Once again, the more the communication between the patient and the provider, the better the outcomes. Hats off to Drs. Stone, DeRubertis and company!  Now, the trick is to find the most efficient and effective way to do it.

Wednesday, December 16, 2009

Using Health Information to Find Bad Medicines Quicker and Cheaper

Here is a very valuable use of personal health information aggregated to a population level. John Brownstein and colleagues from Harvard used a network of electronic medical records systems to gather up over 34,000 patient records and confirm that the diabetes medication rosiglitazone (sold as Avandia among other trade names) is associated with an increased risk of heart attacks. Of course, that's not really news. What is even better is that they showed that if they had been doing this back when the drug was introduced (1999), they would have found the association in late 2000, rather than 2007, when the reports first appeared.  
Rapid identification of myocardial infarction risk associated with diabetic medications using electronic medical records by Brownstein, J. S., Murphy, S. N., Goldfine, A. B., Grant, R. W., Sordo, M., Gainer, V., Colecchi, J. A., Dubey, A., Nathan, D. M., Glaser, J. P., Kohane, I. S. Diabetes Care Journal publish ahead of print articles
Finding out years earlier that a commonly used drug has an important adverse effect is a very good thing and ought to be a big part of the business case for more exchange of information.
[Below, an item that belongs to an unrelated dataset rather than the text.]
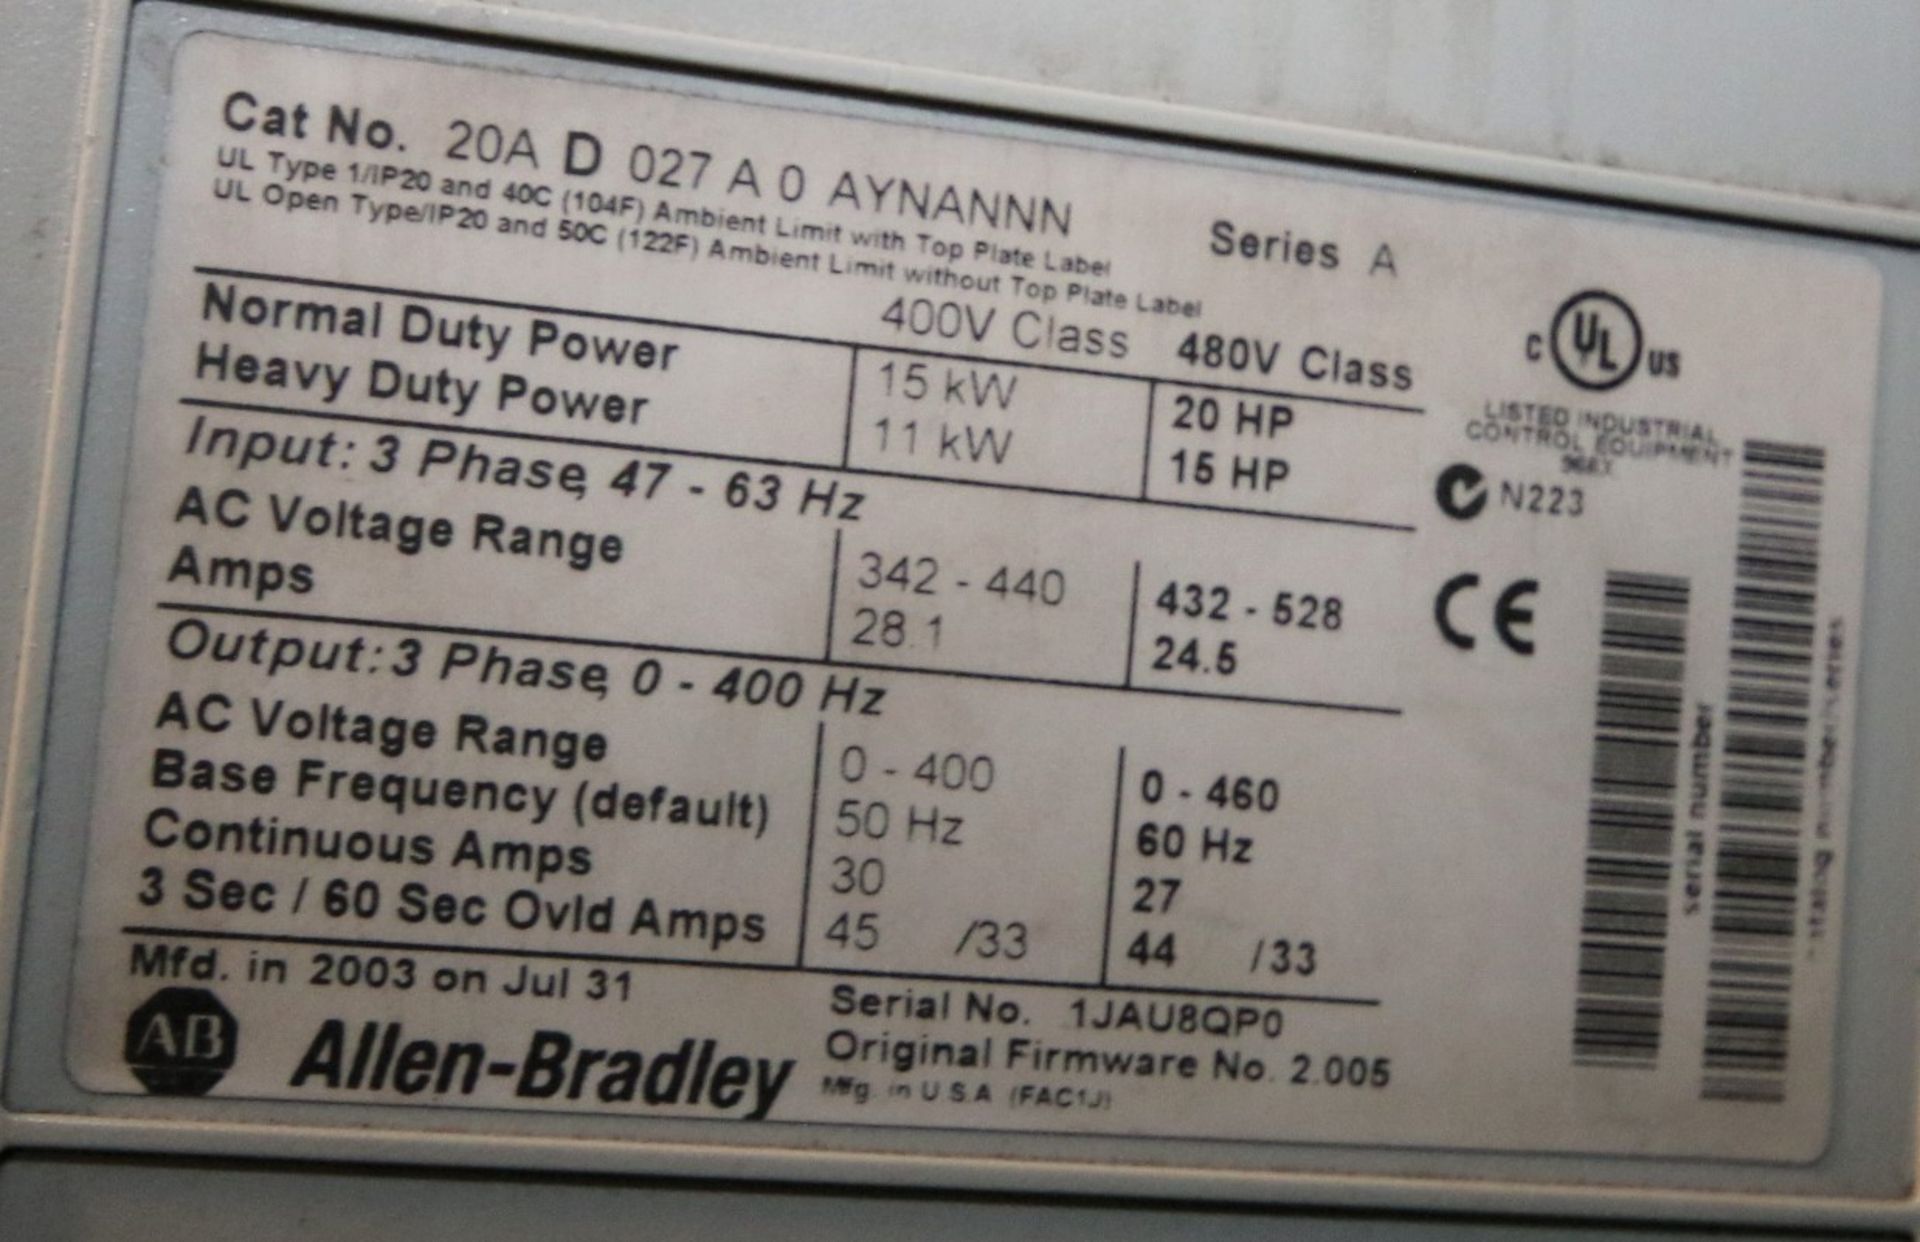 Allen Bradley PowerFlex 70 - 20 hp VFD, Cat # 20A D 027 A 0 AYNANNN, 460V 3 Phase, Series A (W271) - Image 2 of 2

Contractual gag orders in EMRs - a petition

MedInformaticsMD and the good folks at Health Care Renewal  have launched an interesting and important electronic petition drive about Transparency and Openness in Electronic Patient Records and Other Healthcare Information Technology Systems. The key issue is that some manufacturers of electronic medical record systems and related technology put clauses in their service contracts that customers may not publically report or discuss bugs or problems in the system. Even truly disastrous problems that result in patient deaths or institutional mayhem are subject to these gag orders, limiting the ability of the medical and health IT communities to mitigate, repair or avoid them.


I share the belief that these kinds of restrictions are bad for patients, bad for providers, bad for the country, and in the long run, bad for the manufacturers themselves. So, I have signed the petition online, and suggest that you consider doing so, too.